Assignment
Leave out any picture and return the remaining listing below exactly as given.

Data
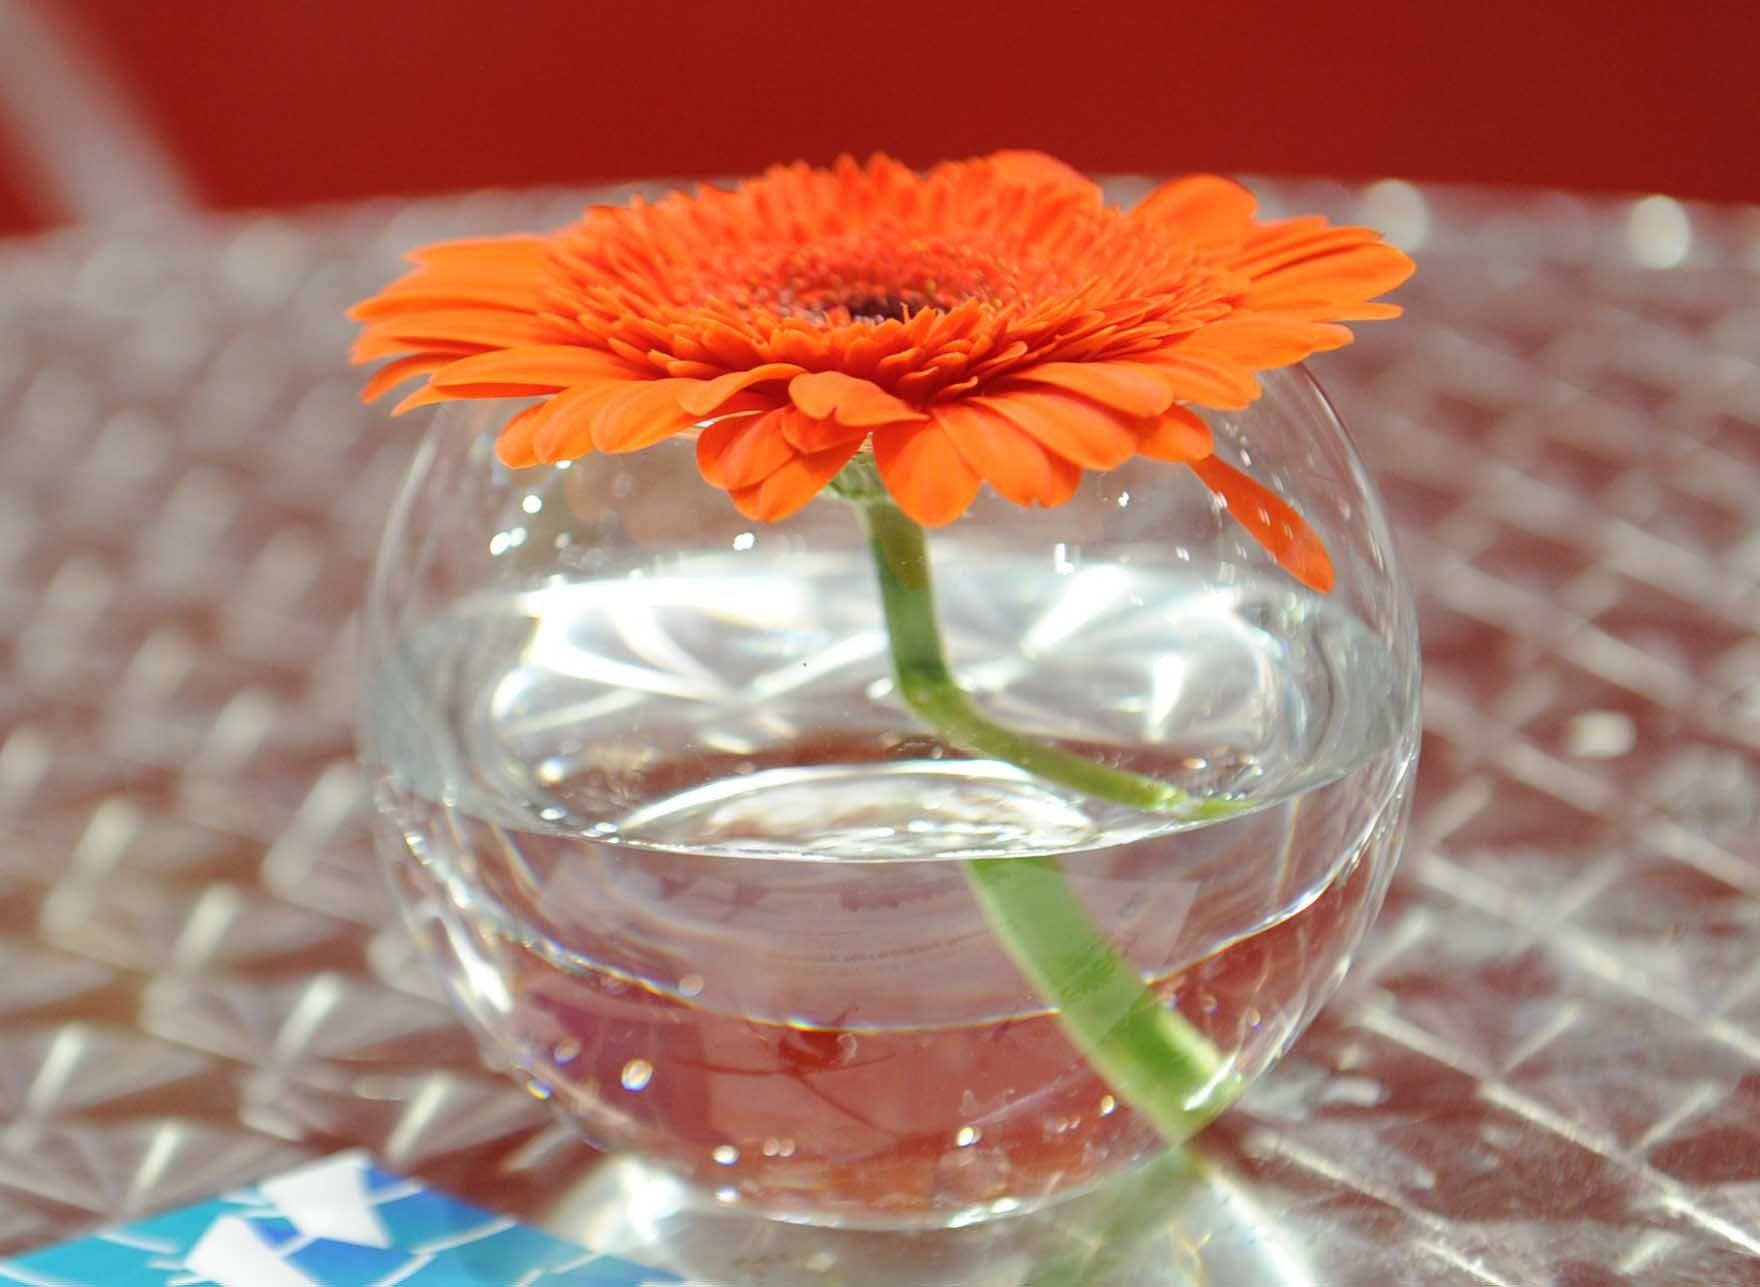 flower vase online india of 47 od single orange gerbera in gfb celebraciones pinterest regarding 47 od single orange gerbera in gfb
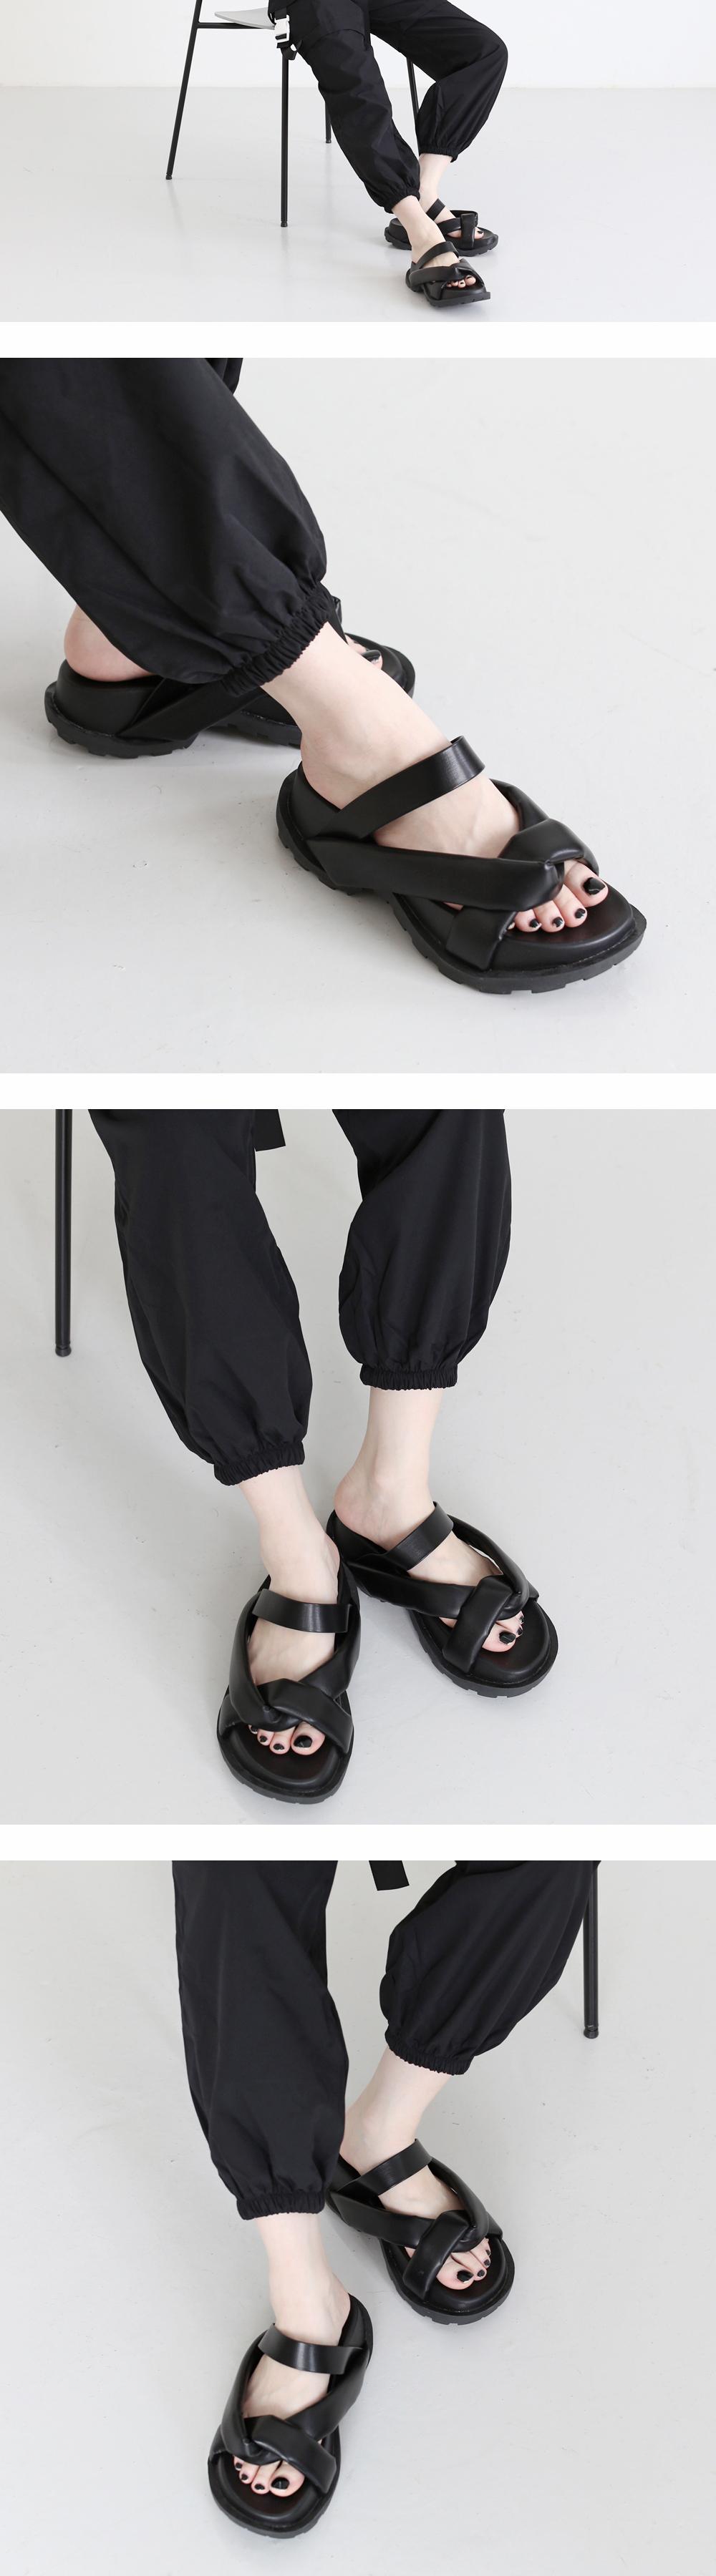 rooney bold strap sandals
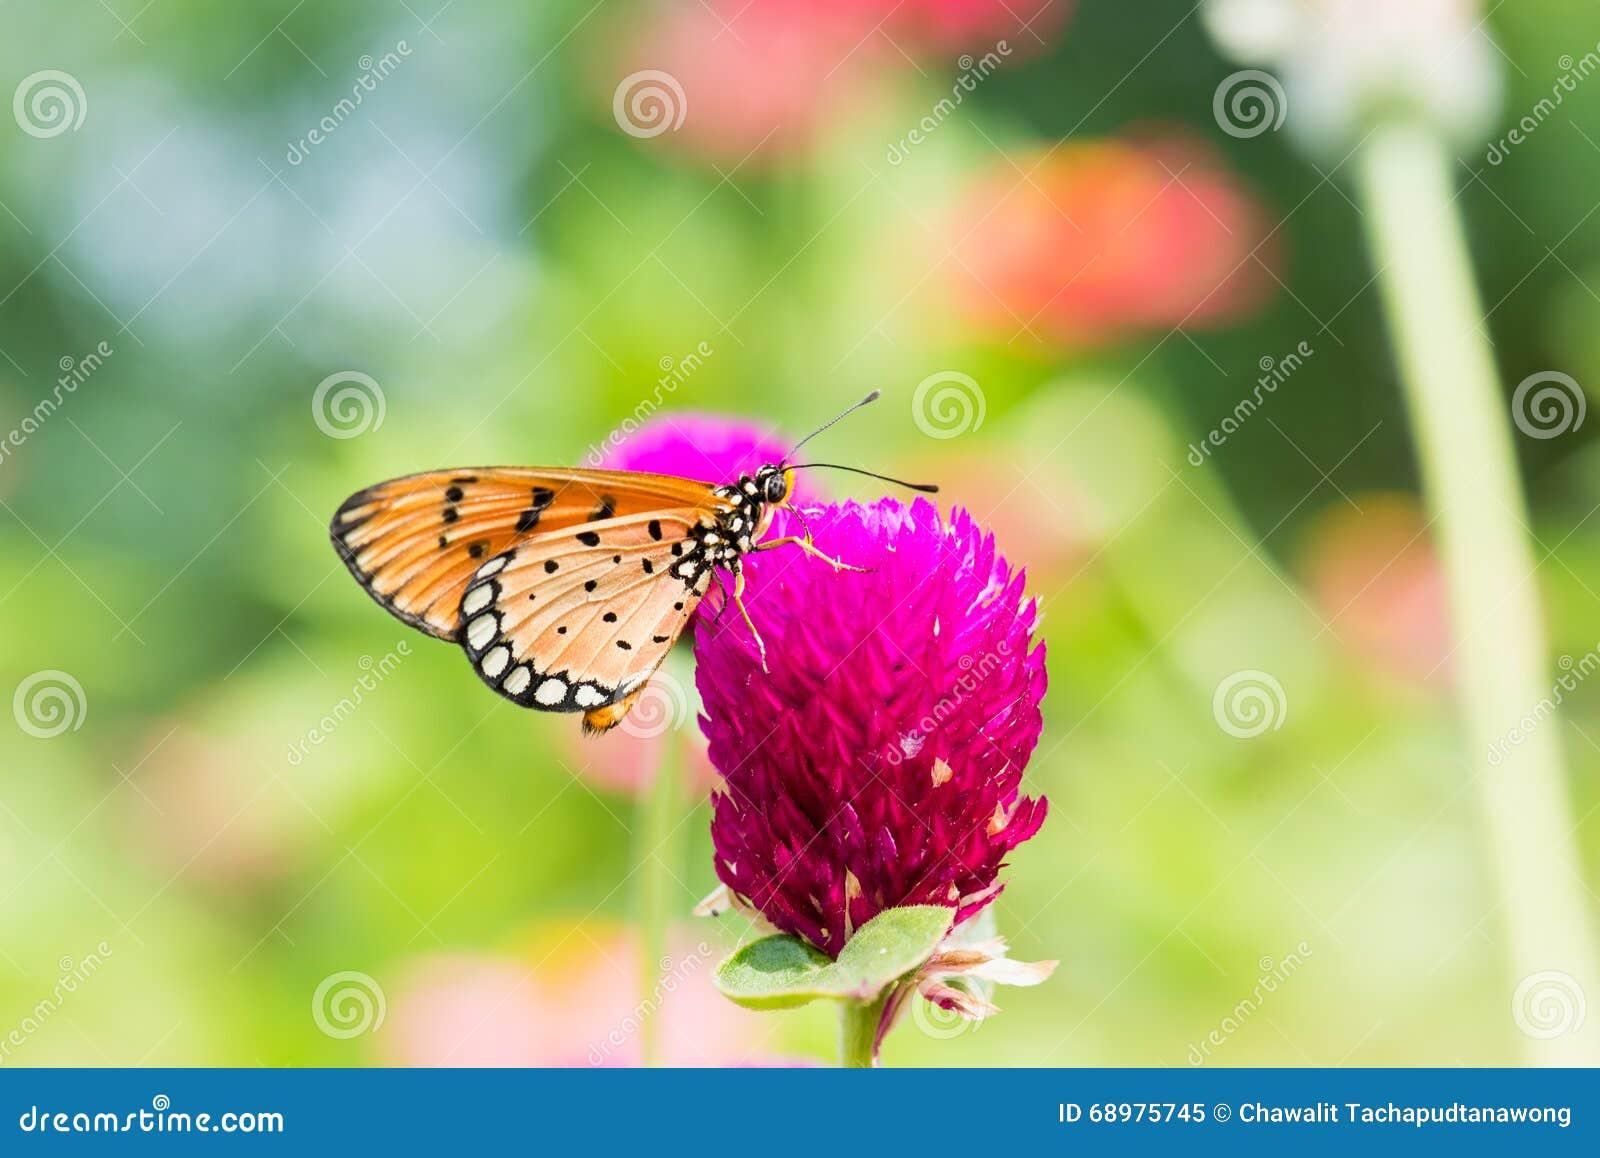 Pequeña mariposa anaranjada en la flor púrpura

Expected answer
 flower vase online india of 47 od single orange gerbera in gfb celebraciones pinterest regarding 47 od single orange gerbera in gfb
 rooney bold strap sandals
 Pequeña mariposa anaranjada en la flor púrpura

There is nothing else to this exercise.